Compare Data
This task will read a series of csv data files and scan them for relationships between one another.
OPTIONS
OPTION | DESCRIPTION |
---|---|
CSV Files | The files containing the schema and data for the tables we wish to compare. |
INPUT
CONFIGURATION
Paths to 2 or more CSV files must be provided.
DATA
No special requirements.
OUTPUT
A table containing the following columns will be produced.
COLUMN | DESCRIPTION |
---|---|
DATASOURCE1 | The name of the first datasource or table to be compared. |
DATASOURCE2 | The name of the second datasource or table to be compared. |
COLUMN1 | The name of the column within DATASOURCE1 which is being compared. |
COLUMN2 | The name of the column within DATASOURCE2 which is being compared. |
UNIQUE_MATCHES | The number of unique matches between DATASOURCE1 COLUMN1 and DATASOURCE2 COLUMN2. |
MATCH_PERCENT | The percentage of matches between DATASOURCE1 COLUMN1 and DATASOURCE2 COLUMN2. |
UNIQUE_TRIMMED_MATCHES | Prior to the comparison, Dex will trim both columns being compared.

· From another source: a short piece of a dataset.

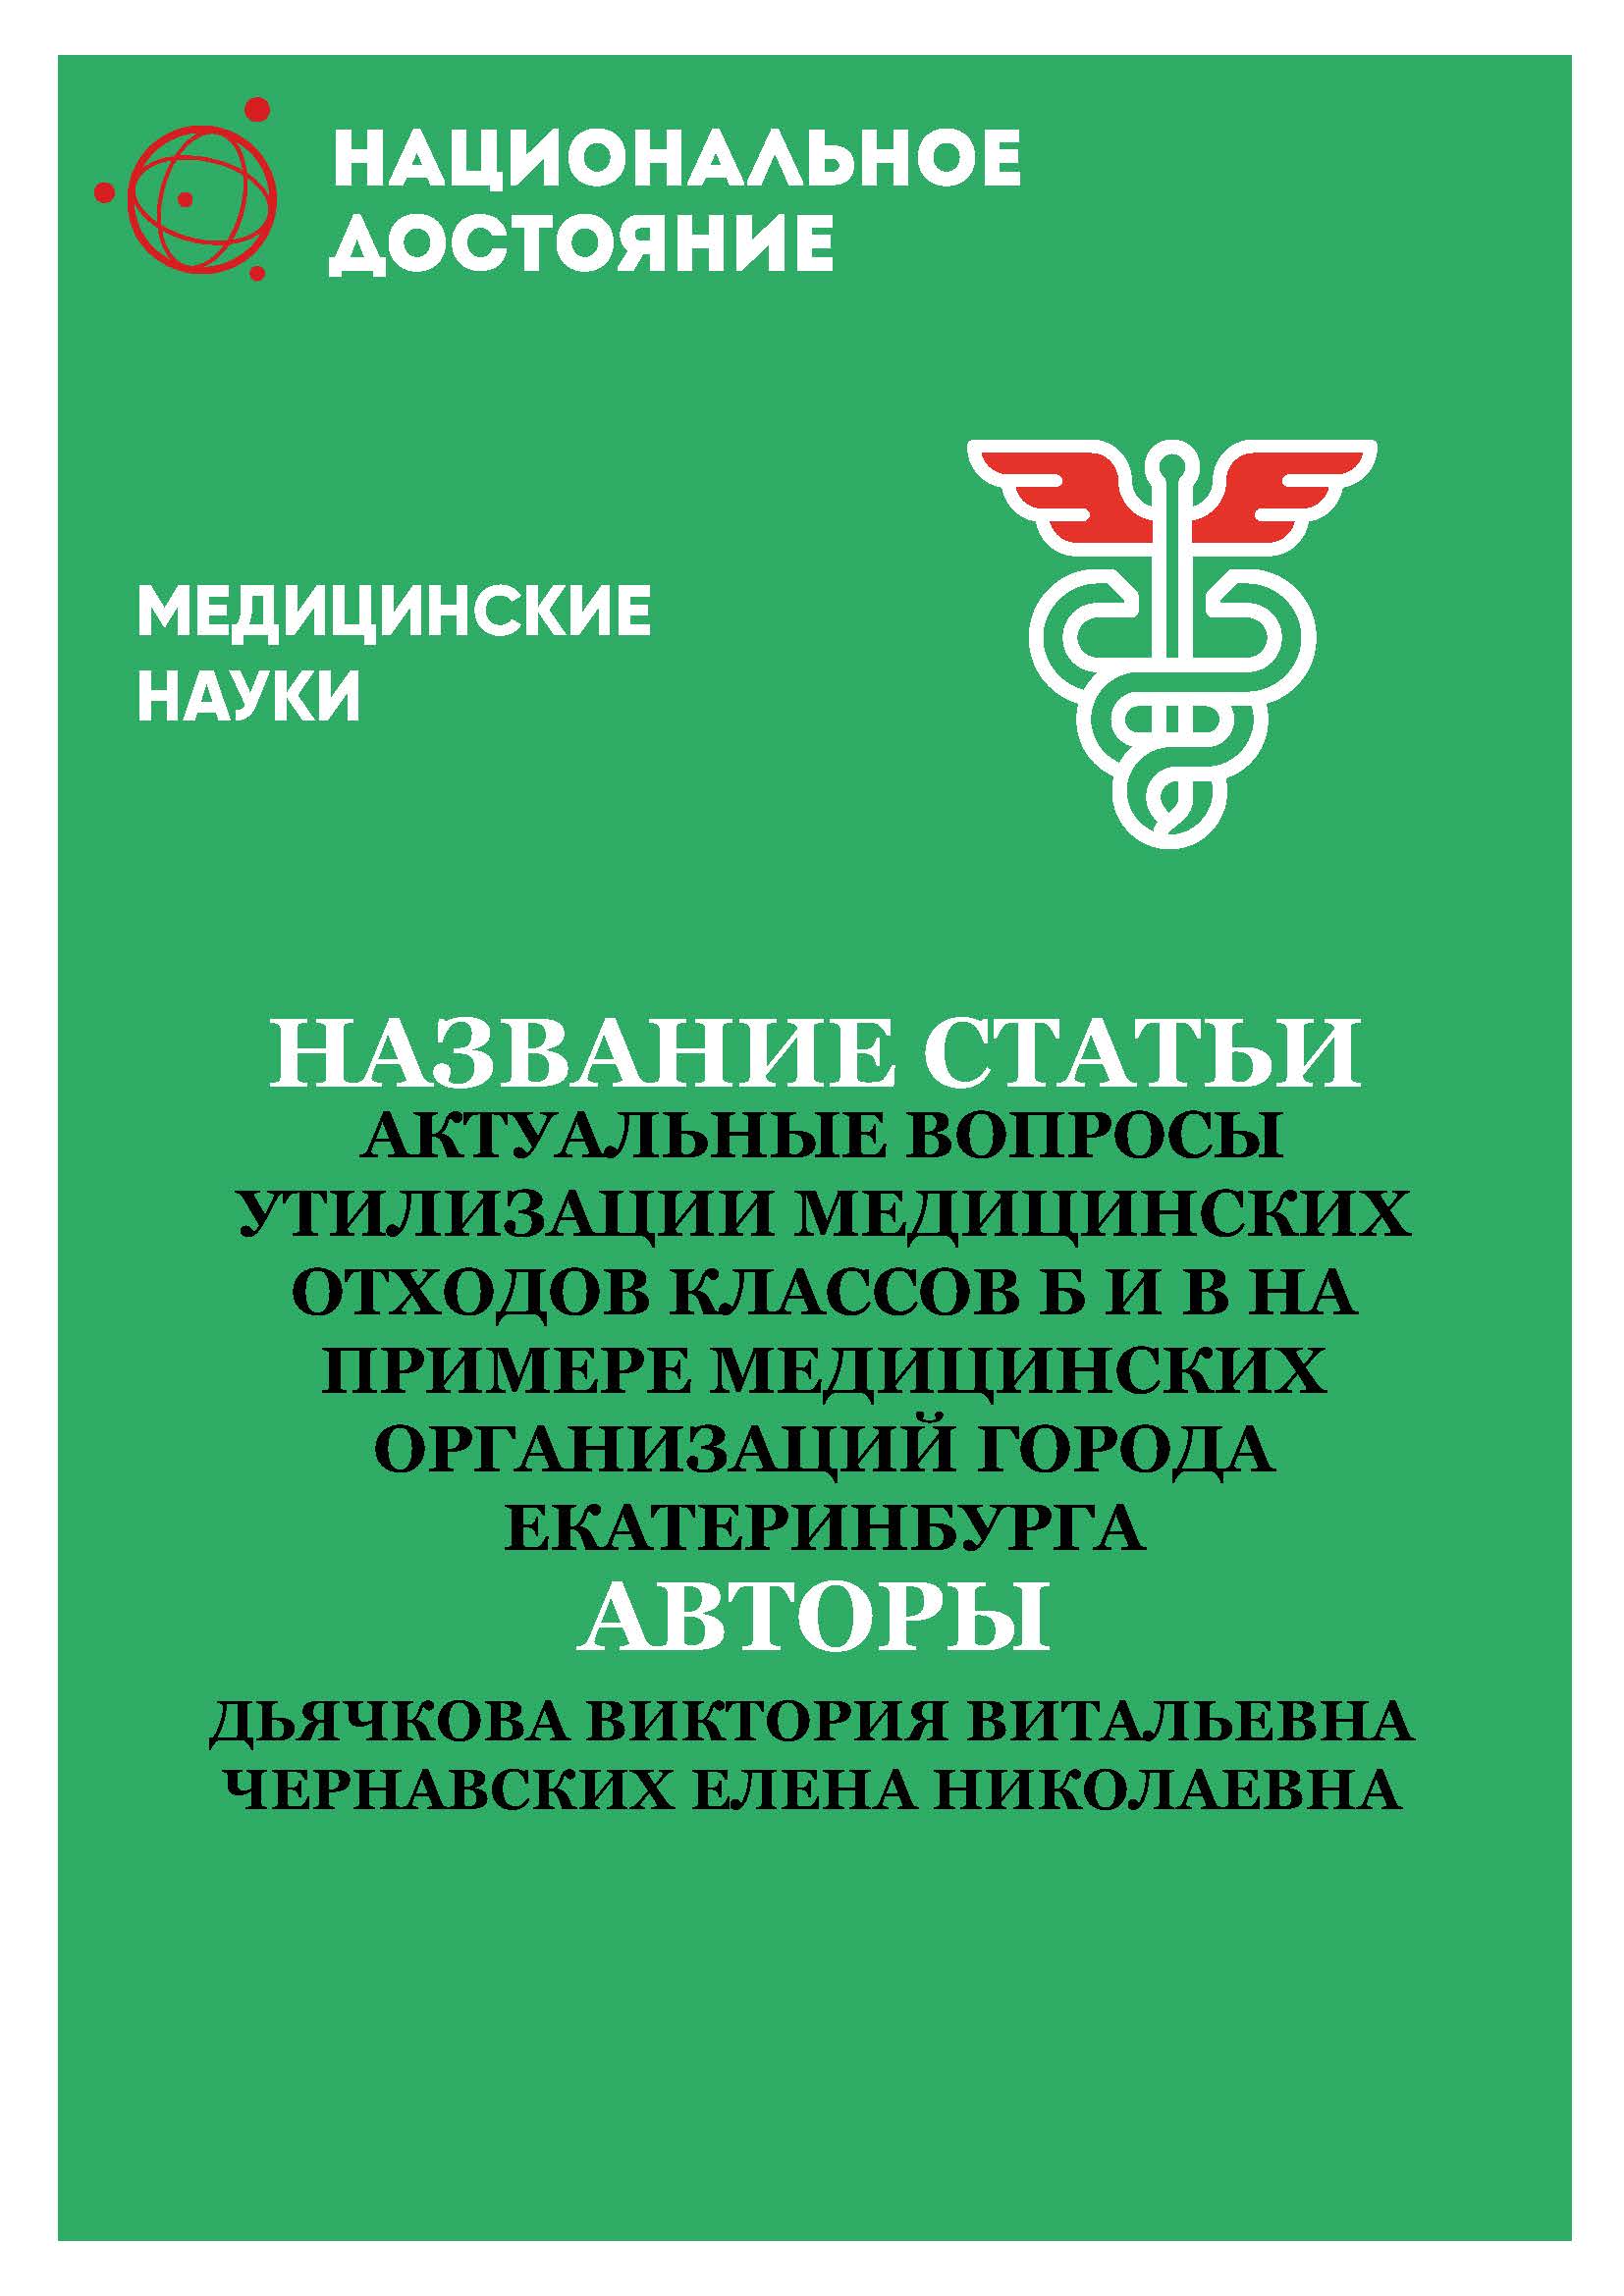 Актуальные вопросы утилизации медицинских отходов классов Б и В на примере медицинских организаций города Екатеринбурга

This is the number of unique matches between DATASOURCE1 COLUMN1 and DATASOURCE2 COLUMN2 after having performed that transformation. |
TRIMMED_MATCH_PERCENT | The percentage of matches between DATASOURCE1 COLUMN1 and DATASOURCE2 COLUMN2 after having first trimmed both columns. |
EXAMPLES
EXAMPLE 1
Given the schema described below, this example illustrates how we use this task to derive visual insight.
SCHEMA
CUSTOMERS
ID | NAME | AGE | GENDER |
---|---|---|---|
1 | FRAN | 32 | FEMALE |
2 | JAN | 22 | FEMALE |
3 | STAN | 31 | MALE |
4 | DAN | 28 | MALE |
ORDERS
ITEM | CUSTOMER | ITEM | QUANTITY |
---|---|---|---|
1 | 3 | 2 | 4 |
2 | 2 | 1 | 1 |
3 | 1 | 2 | 2 |
4 | 4 | 3 | 1 |
5 | 1 | 4 | 2 |
6 | 3 | 3 | 2 |
7 | 2 | 4 | 1 |
INVENTORY
ITEM | NAME | PRICE |
---|---|---|
1 | HAMMER | 8.21 |
2 | SCREWDRIVER | 6.54 |
3 | WRENCH | 12.45 |
4 | DRILL | 39.95 |
5 | SANDPAPER | 2.46 |
VISUALIZATION
The raw output from Compare Data looks like:
A visualization of running Compare Data on these tables expressed in a Parallel Coordinates chart looks like:
Commentary
In this visualization we have highlighted all relationships which have a 100% coorelation. We see the following:
RELATIONSHIP | COMMENT |
---|---|
INVENTORY.ITEM and CUSTOMER.ID | While there is a 100% coorelation between these two columns, it is purely accidental as the sequences happen to align. The lesson here is that sometimes coincidental relationships form naturally within a dataset. Do not trust the comparison data blindly. |
INVENTORY.ITEM and ORDERS.ITEM | This appears to be a legitimate relationship. |
CUSTOMER.ID and ORDERS.CUSTOMER | This appears to be a legitmate relationship. |
CUSTOMER.ID and ORDERS.ITEM | Coincidental relationship. |
CUSTOMER.ID and INVENTORY.ITEM | Coincidental relationship. |